No obstante, el camino no ha estado falto de piedras. Las instituciones latinoamericanas están plagadas de relaciones jerárquicas que son muy difíciles de quebrar. Muchos jóvenes investigadores están frustrados por su incapacidad para avanzar en sus carreras profesionales porque tanto ellos como sus conocimientos de conceptos y técnicas modernas son considerados amenazantes por las estructuras de poder. La escasez de recursos frecuentemente exacerba las rivalidades políticas y personales. A menudo se requieren años de trabajo para lograr crear un clima de confianza mutua en el que los convenios verdaderos y productivos puedan desarrollarse.

 

Está claro que Internet ha tenido un efecto transformador en la medida en que ha reducido el aislamiento científico de los científicos en países de desarrollo, facilitando la comunicación, y sirviendo de biblioteca virtual. No obstante, las tasas de suscripción de las publicaciones científicas son prohibitivas para muchos científicos e instituciones. Una manera sencilla de aumentar la base de conocimiento de estos lugares es subvencionar estas suscripciones. Hay muchas otras formas de iniciar actividades que catalizarán colaboraciones con el “Sur”. Por ejemplo, cuando éramos doctorandas, cada una de nosotras recolectó decenas de miles de dólares de material y suministros de nuestras respectivas universidades y de las empresas de biotecnología locales y las mandamos a laboratorios de varios países en desarrollo. Los estudiantes de postgrado o los técnicos de laboratorio pueden ofrecerse a impartir seminarios breves de forma voluntaria o a dar conferencias coincidiendo con sus viajes a otros lugares. La mejor vía de comenzar una colaboración puede ser tutelar a jóvenes investigadores pre- y postdoctorales, pero es esencial que la cooperación continúe a lo largo de la fases de retorno a sus respectivos países y de entrada en el mercado laboral. Las becas de reincorporación y el compromiso de apoyo científico a medio y largo plazo son elementos fundamentales para animar a los científicos a regresar y a permanecer en sus países de origen.

 

Finalmente, como científicas del área de la biomedicina, estamos convencidas de que un enfoque sostenible, bien priorizado, de la investigación requiere que los esfuerzos investigadores sirvan a la sociedad y estén orientados hacia el bien público.

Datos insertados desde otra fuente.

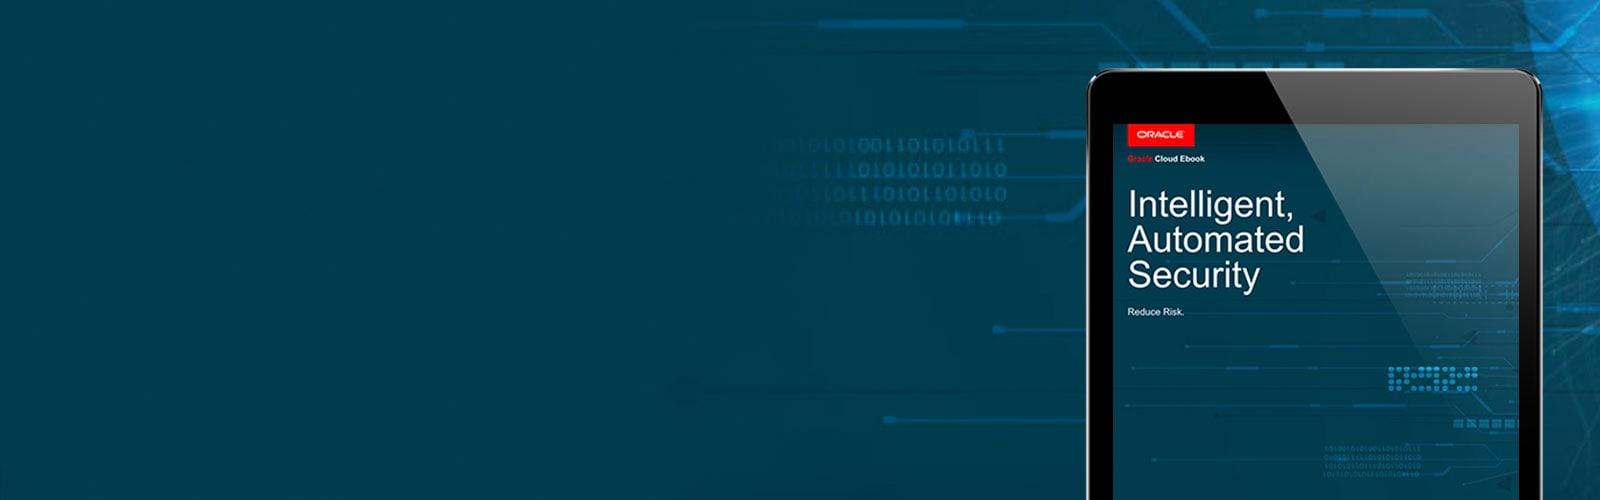 Emerging Security Technologies Protect Sensitive Data

Creemos firmemente que la construcción de una base y una capacidad científica y técnica en los países en desarrollo ayudará a los científicos locales a definir y a escoger sus propias alternativas de desarrollo; a obtener nativos cualificados para crear mano de obra local; a fundar instituciones adecuadas para el desarrollo; y, finalmente, a tener una voz más equitativa en asuntos de índole internacional.

 

Referencias:

1. Harris, E. (1999). A Low-Cost Approach to PCR: Appropriate Transfer of Biomolecular Techniques. New York: Oxford University Press (disponible online).

2. Wagner, C. S., Brahmakulam, I., Jackson, B., Wong, A., Yoda, T. (2001). Science and Technology Collaboration: Building Capacity in Developing Countries. Santa Monica: RAND Publications (disponible online).

3. Harris, E. (1996). Developing essential scientific capability in countries with limited resources.Nat. Med. 2, 737-739.

4. Harris, E. and Tanner, M. (2000). Health technology transfer. Brit. Med. J. 321, 817-820.